[WORK ORDER]
The reply should consist solely of the lines from the one that holds "H by Hudson H By Hudson Green Blake Shoes" through the last line of the material, reproduced exactly; no pictures belong in it.

[DATA EXCERPT]
=== Section Start ===

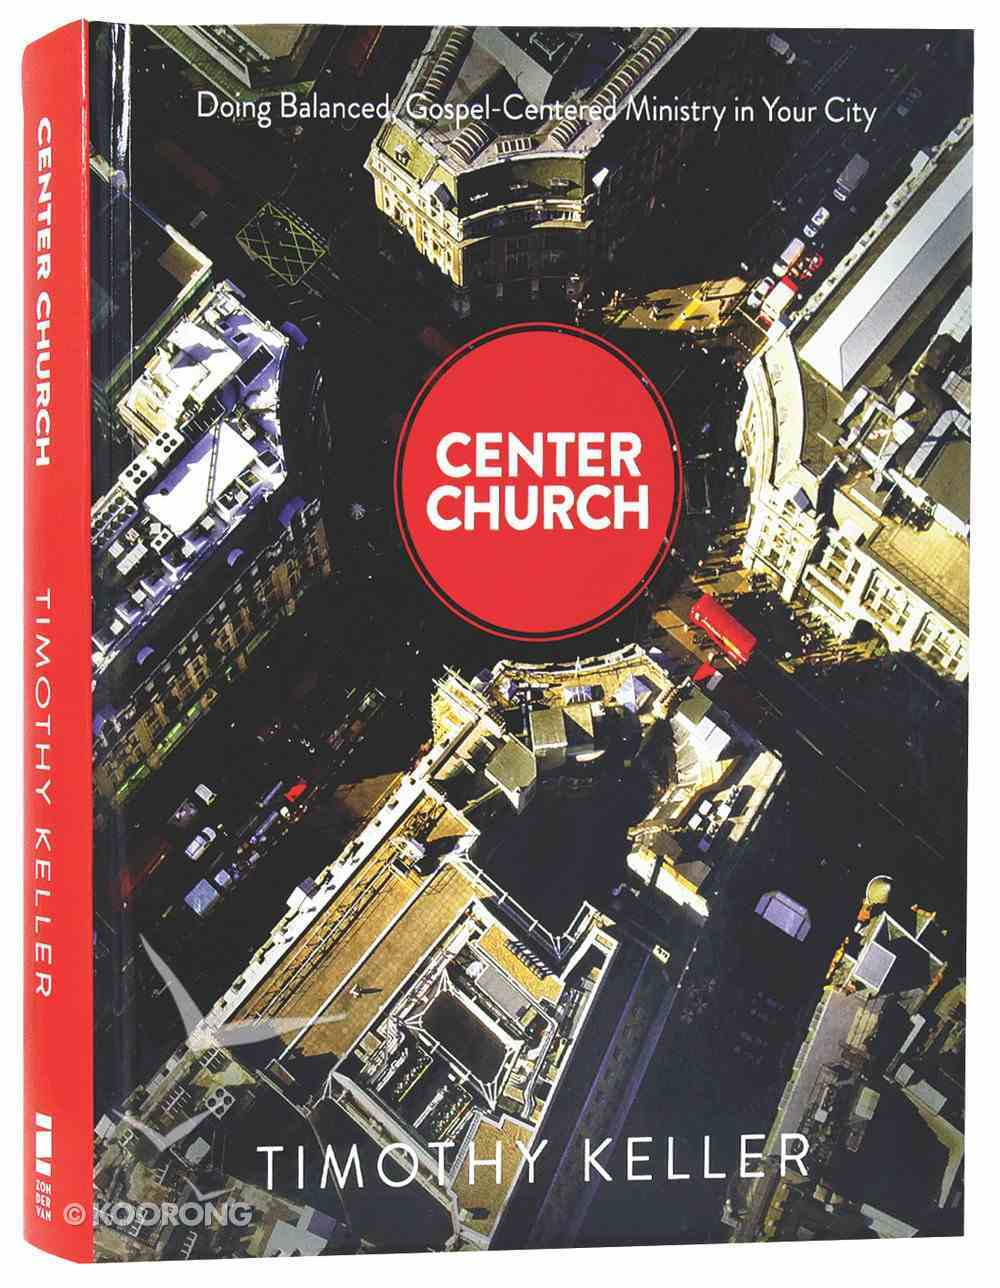 Center Church: Doing Balanced, Gospel-Centered Ministry in Your City Hardback
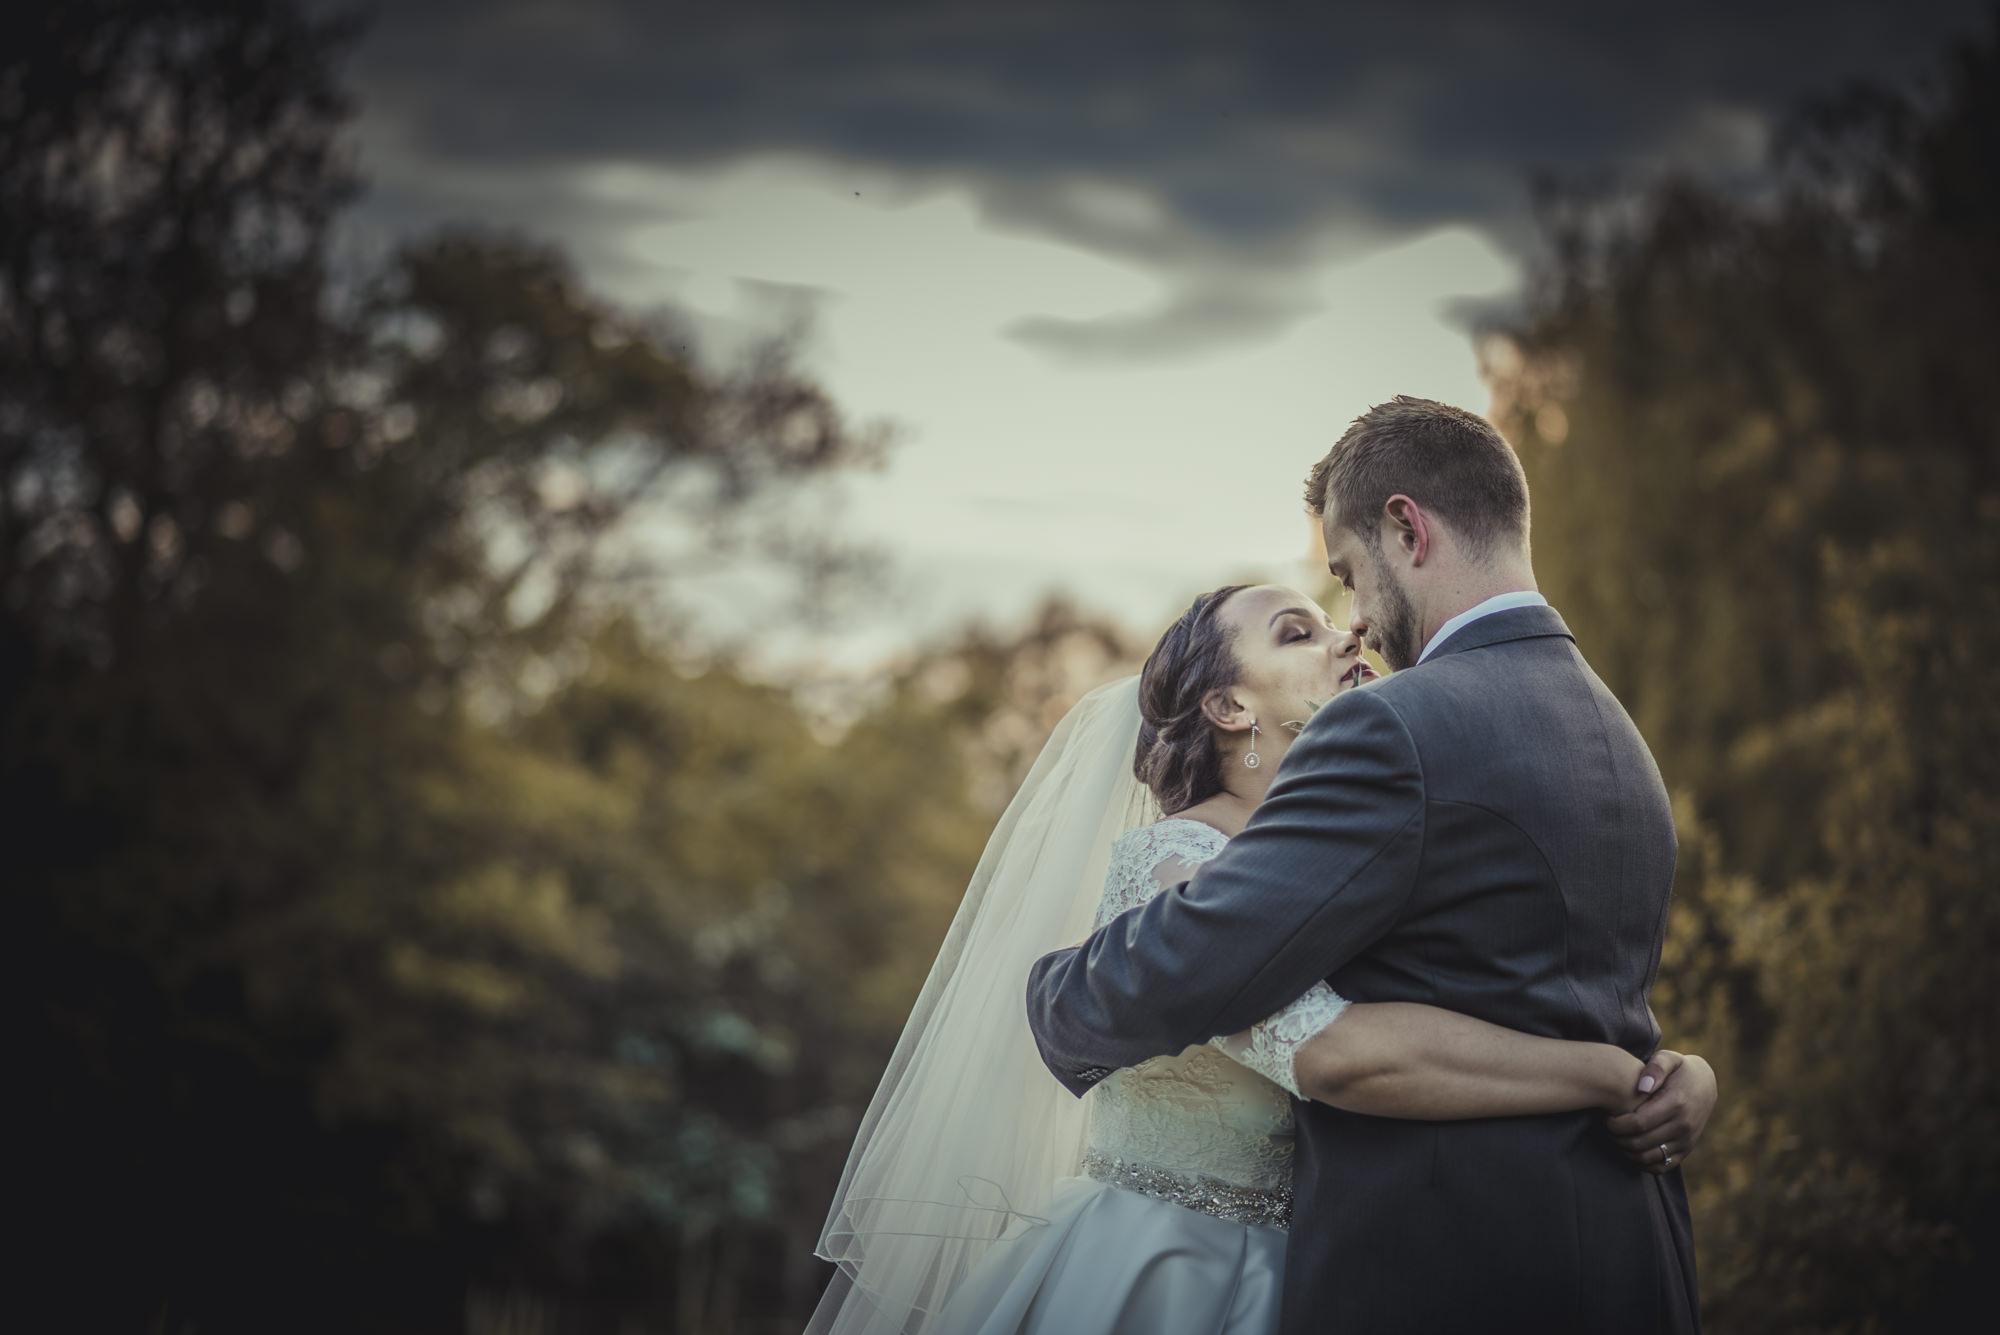 Jacqueline-Gareth-Wedding-Westmead-Events-Surrey-Manu-Mendoza-Wedding-Photography-483.jpg
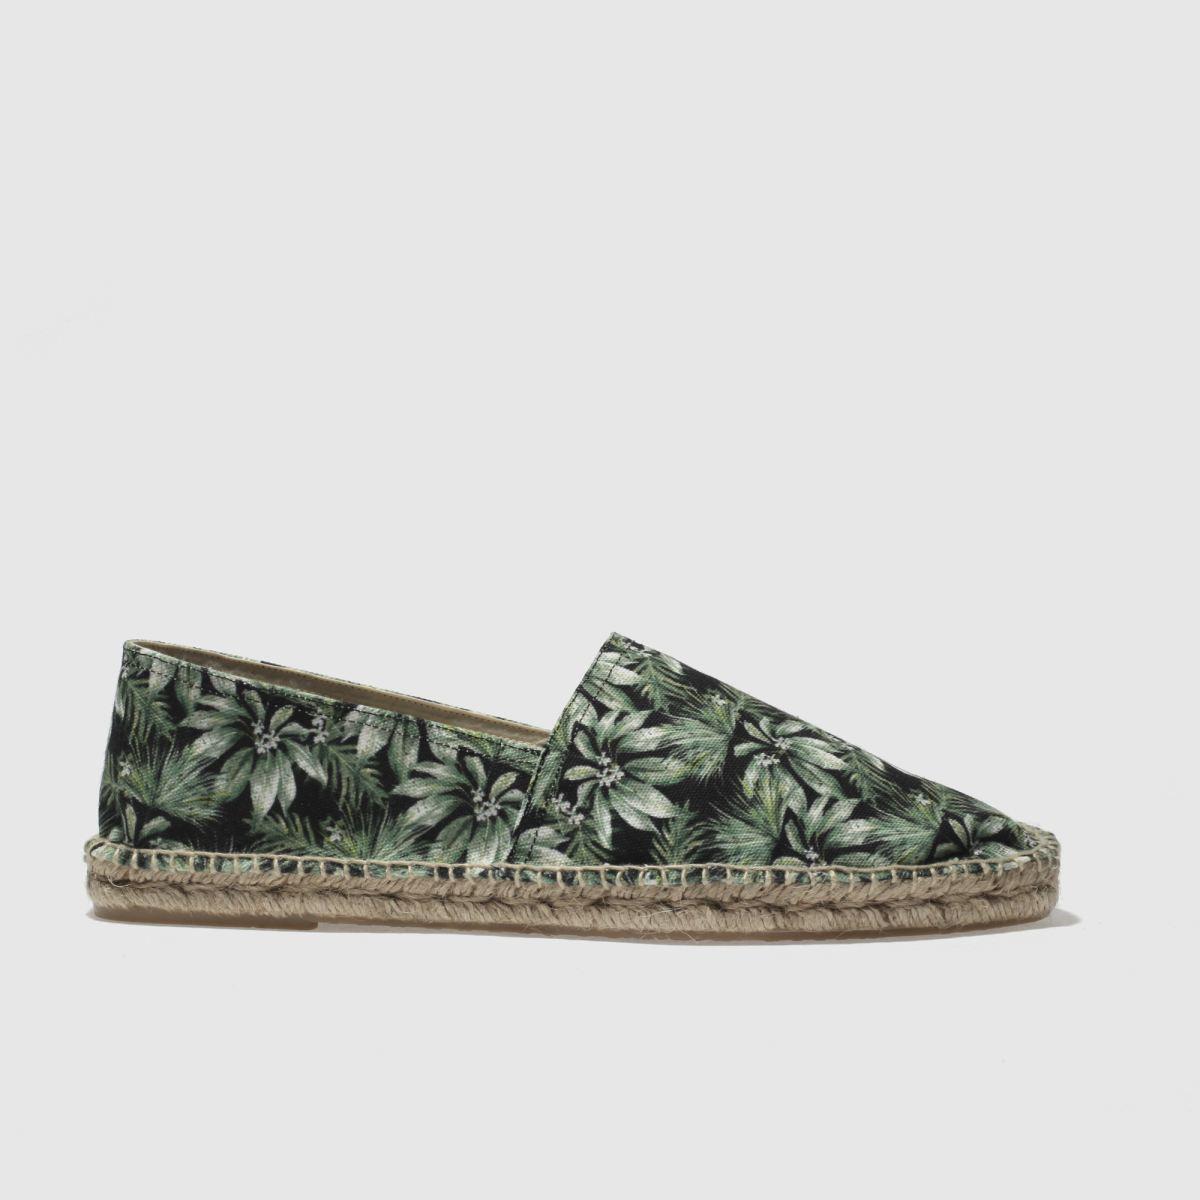 H by Hudson H By Hudson Green Blake Shoes
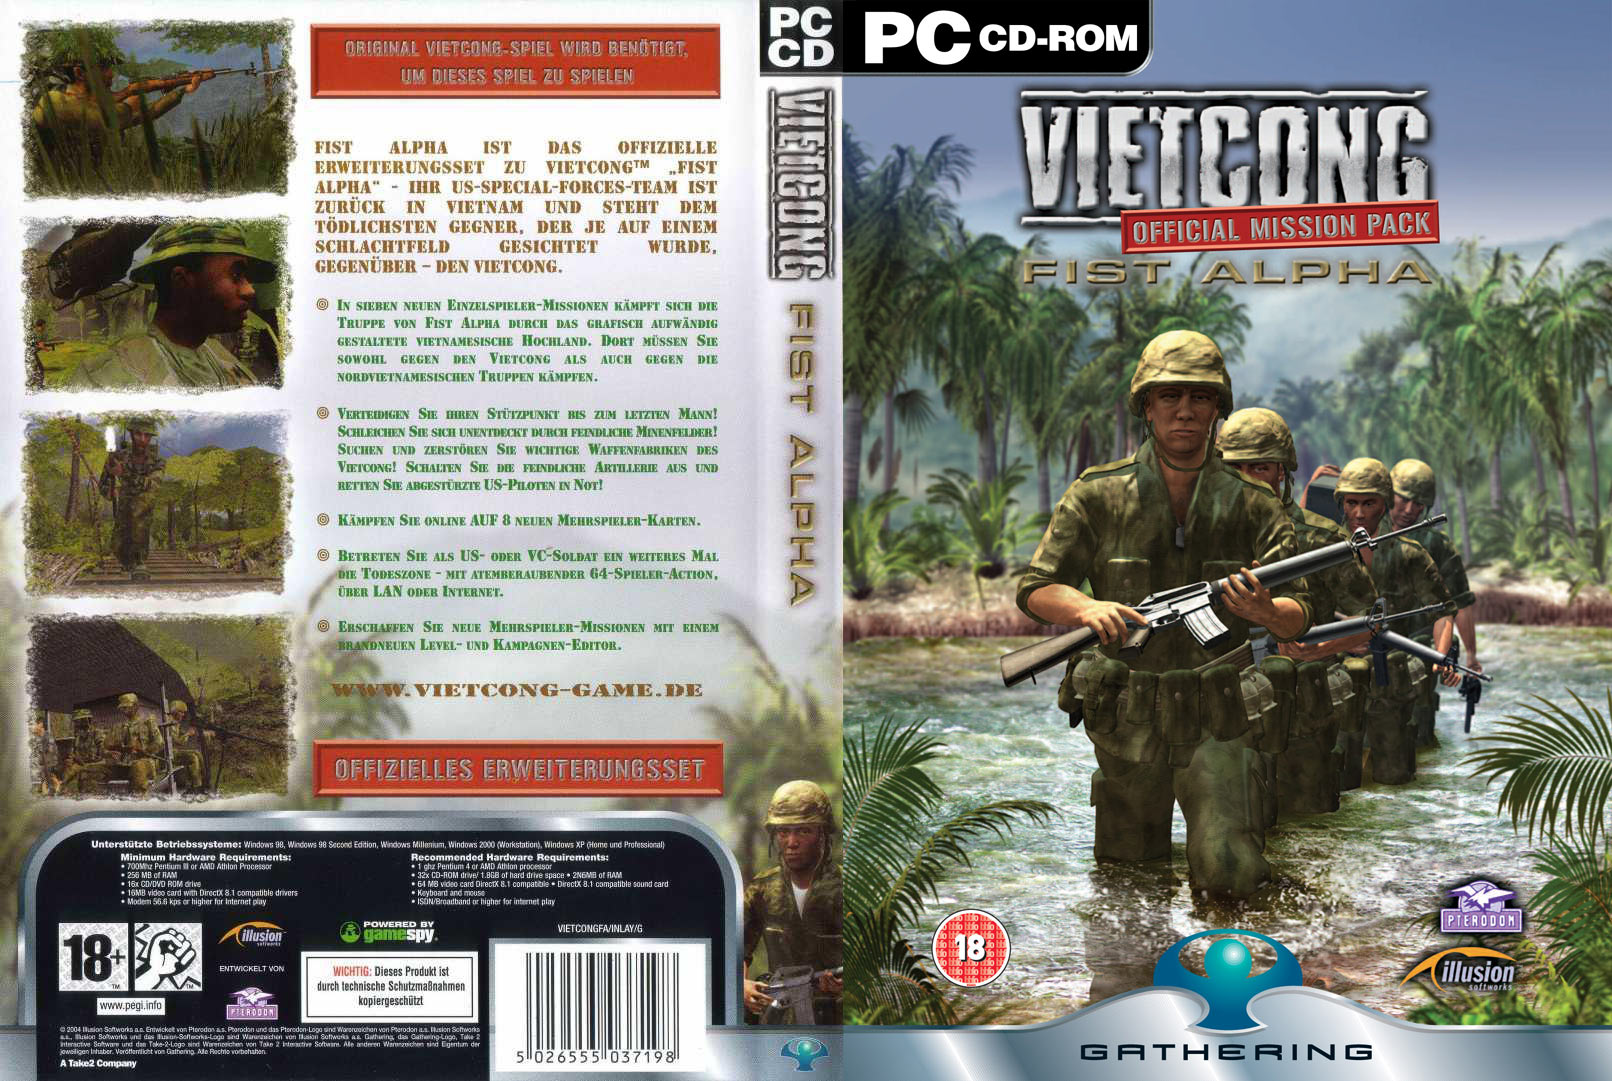 Vietcong fist alpha no cd

=== Section End ===

[SOLUTION]
 H by Hudson H By Hudson Green Blake Shoes
 Vietcong fist alpha no cd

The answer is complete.